Эта мысль ему нравилась. Она была правильной.
– Кошка… родила котят, – шептала Мари, и на ее лице все чаще сверкали слезы. – И мне сказали утопить…
«У то пить» с необычно мягкой «т» в конце. Виктор почувствовал подступающее раздражение – она снова пыталась играть, – но на следующих словах ее голос сорвался, и в нем появился незнакомый присвист:
– Маленькие ко тя та, с слепые… Они так ворочалис сь, скребли сь… они… тревожились, но еще не с сильно. У меня всегда были теплые… руки. А потом я переворачивала ладонь, и они падали… только что была рука, теплая, надежная, а теперь… Холодно! – она запрокинула голову, повторяя позу манекена, и Виктор заметил, как слезы ползут по ее вискам, теряясь в волосах. – Можно было так не делать, но мне казалось, что так нечестно – я их убиваю, а убивать надо… чувствуя всю вину, понимаешь? И дарить перед смертью хоть немного… себя, – она усмехнулась и запустила пальцы в волосы. – Я в детстве была честной, котенок.

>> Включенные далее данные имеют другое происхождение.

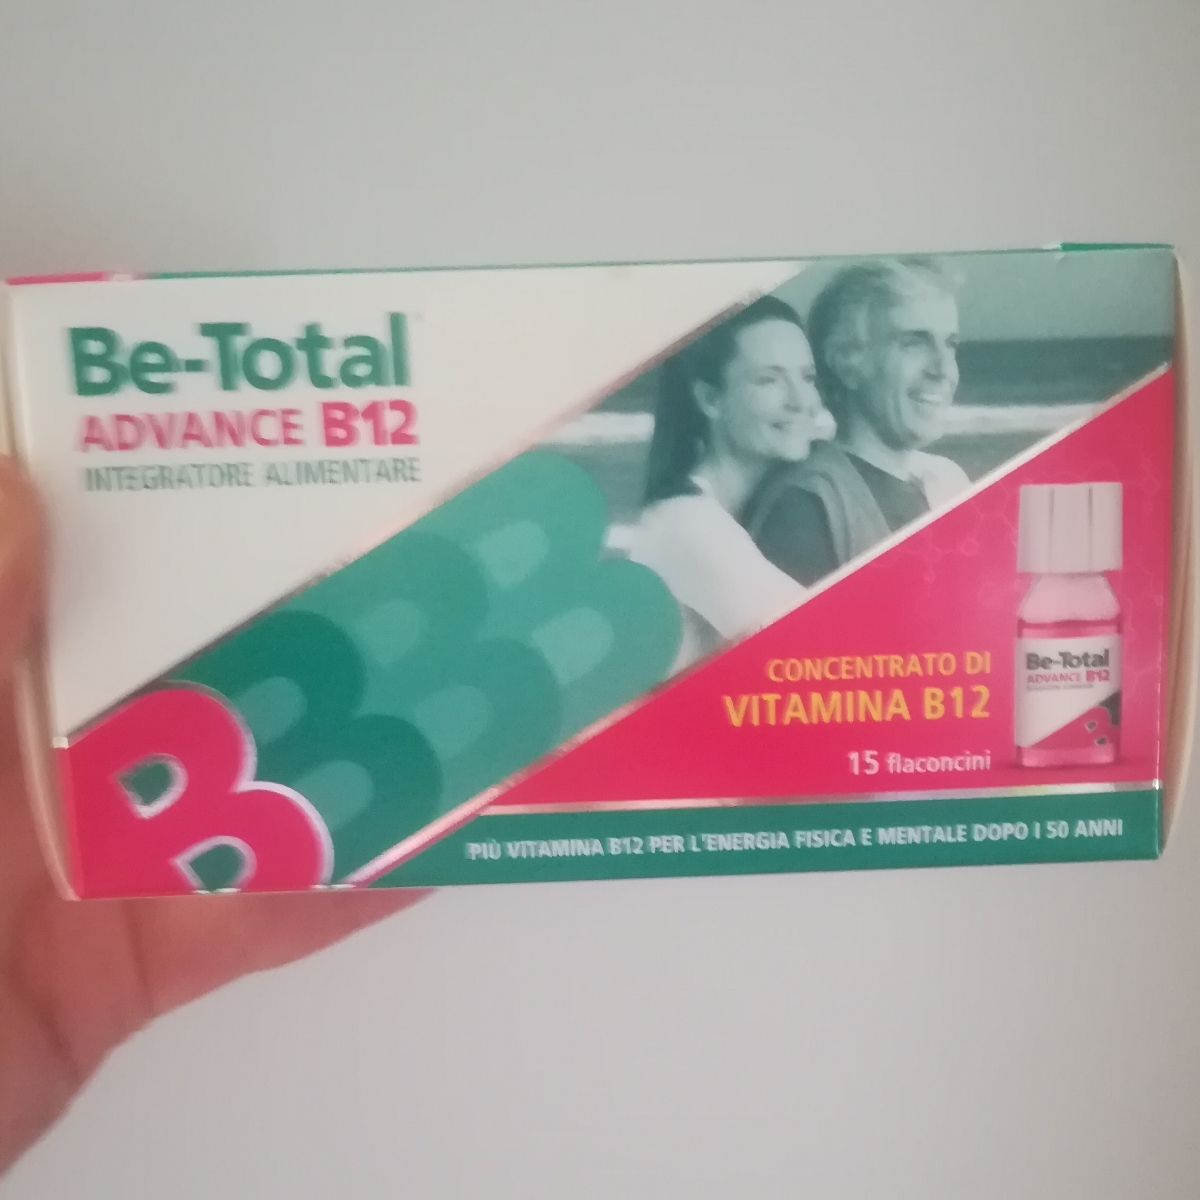 BeTotal Betotal advance B12 Review
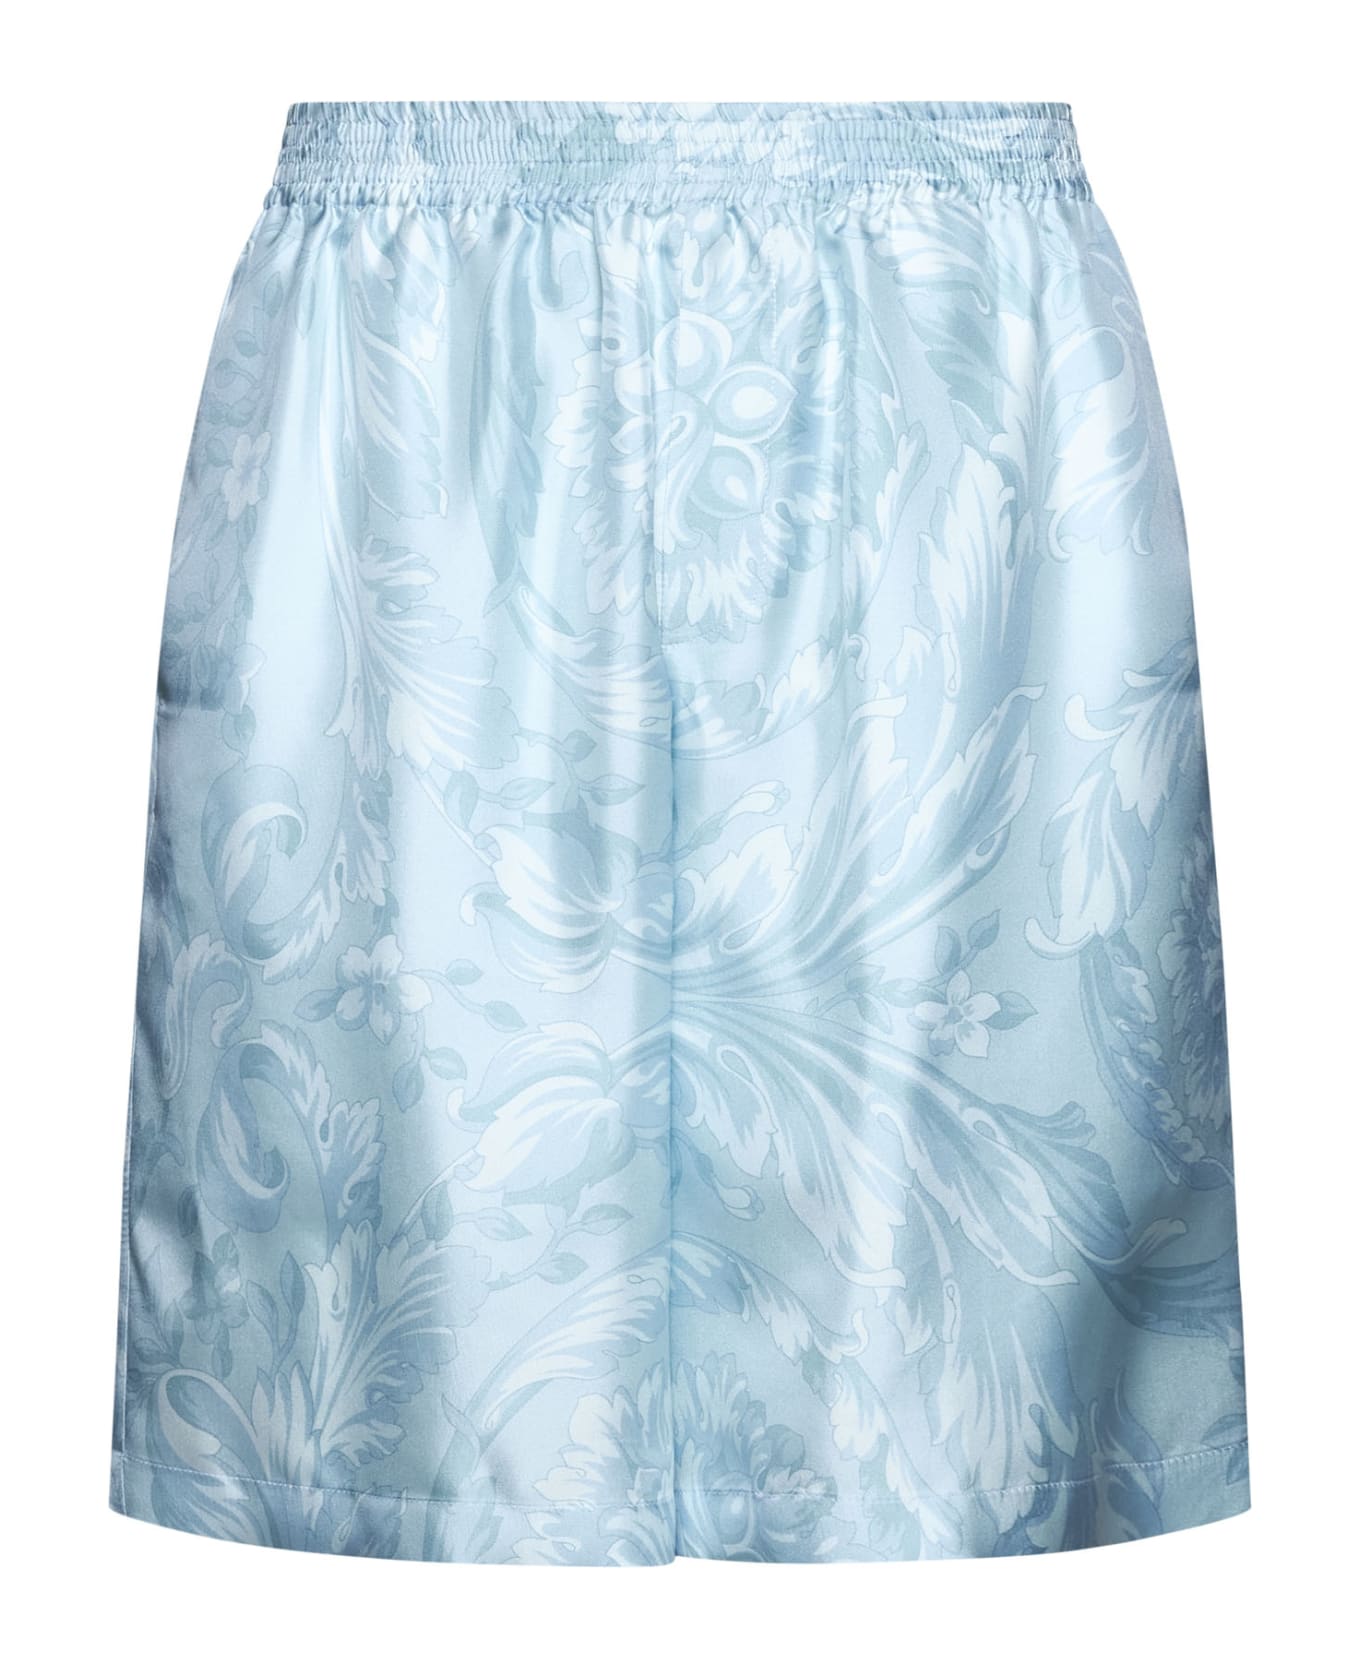 Versace Barocco Shorts - Pale blue

– Сейчас не ты переворачиваешь ладонь, – заметил Виктор.
– Ошибаешься. Ты ошибаешьс с ся, лапочка Виконт, не ты меня сегодня убьешь. Это я тебя убью, только в пос следнем акте, – прошептала она, со смесью удивления и тоски разглядывая свои руки. – Поверь прес ступнице со стажем. В конце наши жертвы всегда приходят за нами… Как эти солнца – прощу ли себе с сама?..
– Я читал газеты, – сообщил он, пробежав кончиками пальцев по теплому деревянному горлу манекена. – Мне нужно сделать все по правилам, ведь Мир Где Все Правильно мы создаем сами.
– И что же будет правильным, котенок?
– Мы играем чужую пьесу. Про человека, который пытает женщин, перед тем, как утопить, – ответил он. – Кто мы такие, чтобы спорить с режиссером, верно? Это он – главный человек в любой пос становке, не так ли?
Ему нравилось, как посерело ее лицо и посветлели глаза, будто от страха разом отступил весь дурман. Но ответила она неожиданно равнодушно:
– Если тебе станет легче.
Она поежилась, бросила быстрый взгляд на халат, а потом развернулась и открыла дверь в спальню.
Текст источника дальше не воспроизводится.